Stored items:
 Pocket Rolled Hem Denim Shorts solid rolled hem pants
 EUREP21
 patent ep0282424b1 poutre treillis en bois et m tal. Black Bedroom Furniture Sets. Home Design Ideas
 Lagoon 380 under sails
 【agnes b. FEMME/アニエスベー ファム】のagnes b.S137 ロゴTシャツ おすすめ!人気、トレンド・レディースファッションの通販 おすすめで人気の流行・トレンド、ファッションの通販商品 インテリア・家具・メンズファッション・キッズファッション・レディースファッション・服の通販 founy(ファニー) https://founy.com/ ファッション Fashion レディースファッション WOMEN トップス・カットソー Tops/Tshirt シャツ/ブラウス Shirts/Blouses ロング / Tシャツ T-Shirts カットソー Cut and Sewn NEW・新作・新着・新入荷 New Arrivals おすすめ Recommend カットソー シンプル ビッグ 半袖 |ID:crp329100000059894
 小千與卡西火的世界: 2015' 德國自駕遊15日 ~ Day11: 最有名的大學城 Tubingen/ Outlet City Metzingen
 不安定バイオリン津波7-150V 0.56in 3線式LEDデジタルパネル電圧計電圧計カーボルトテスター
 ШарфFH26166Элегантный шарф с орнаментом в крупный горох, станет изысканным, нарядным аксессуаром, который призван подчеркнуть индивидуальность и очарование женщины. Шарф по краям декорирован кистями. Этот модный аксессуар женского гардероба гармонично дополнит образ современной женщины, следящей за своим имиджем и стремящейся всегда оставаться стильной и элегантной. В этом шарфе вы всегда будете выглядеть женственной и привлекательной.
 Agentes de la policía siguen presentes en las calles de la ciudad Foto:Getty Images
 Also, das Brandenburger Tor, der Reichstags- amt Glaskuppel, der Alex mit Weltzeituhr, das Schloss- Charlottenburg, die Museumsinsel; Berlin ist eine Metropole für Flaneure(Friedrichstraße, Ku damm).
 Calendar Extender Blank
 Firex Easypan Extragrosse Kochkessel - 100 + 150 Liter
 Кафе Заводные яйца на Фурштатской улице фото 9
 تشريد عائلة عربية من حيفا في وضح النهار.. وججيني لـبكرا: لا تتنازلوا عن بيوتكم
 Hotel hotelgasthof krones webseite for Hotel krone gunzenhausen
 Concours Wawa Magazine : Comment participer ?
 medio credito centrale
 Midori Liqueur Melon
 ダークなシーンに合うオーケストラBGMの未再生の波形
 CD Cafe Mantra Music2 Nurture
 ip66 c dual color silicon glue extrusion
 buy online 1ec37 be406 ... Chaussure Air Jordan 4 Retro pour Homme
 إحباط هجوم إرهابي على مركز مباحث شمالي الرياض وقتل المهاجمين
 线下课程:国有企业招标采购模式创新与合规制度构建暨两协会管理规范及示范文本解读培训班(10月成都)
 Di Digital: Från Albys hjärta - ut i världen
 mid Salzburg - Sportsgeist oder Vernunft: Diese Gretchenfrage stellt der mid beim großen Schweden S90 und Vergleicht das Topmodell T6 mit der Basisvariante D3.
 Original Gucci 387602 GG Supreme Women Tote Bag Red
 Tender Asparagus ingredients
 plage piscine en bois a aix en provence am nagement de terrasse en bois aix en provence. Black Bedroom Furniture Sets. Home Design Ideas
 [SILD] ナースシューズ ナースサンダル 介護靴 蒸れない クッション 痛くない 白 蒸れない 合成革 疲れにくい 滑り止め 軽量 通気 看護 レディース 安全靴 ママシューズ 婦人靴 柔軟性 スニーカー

What the exercise asks.
Search the entries for "Design" and copy each matching line.

Written solution.
 patent ep0282424b1 poutre treillis en bois et m tal. Black Bedroom Furniture Sets. Home Design Ideas
 plage piscine en bois a aix en provence am nagement de terrasse en bois aix en provence. Black Bedroom Furniture Sets. Home Design Ideas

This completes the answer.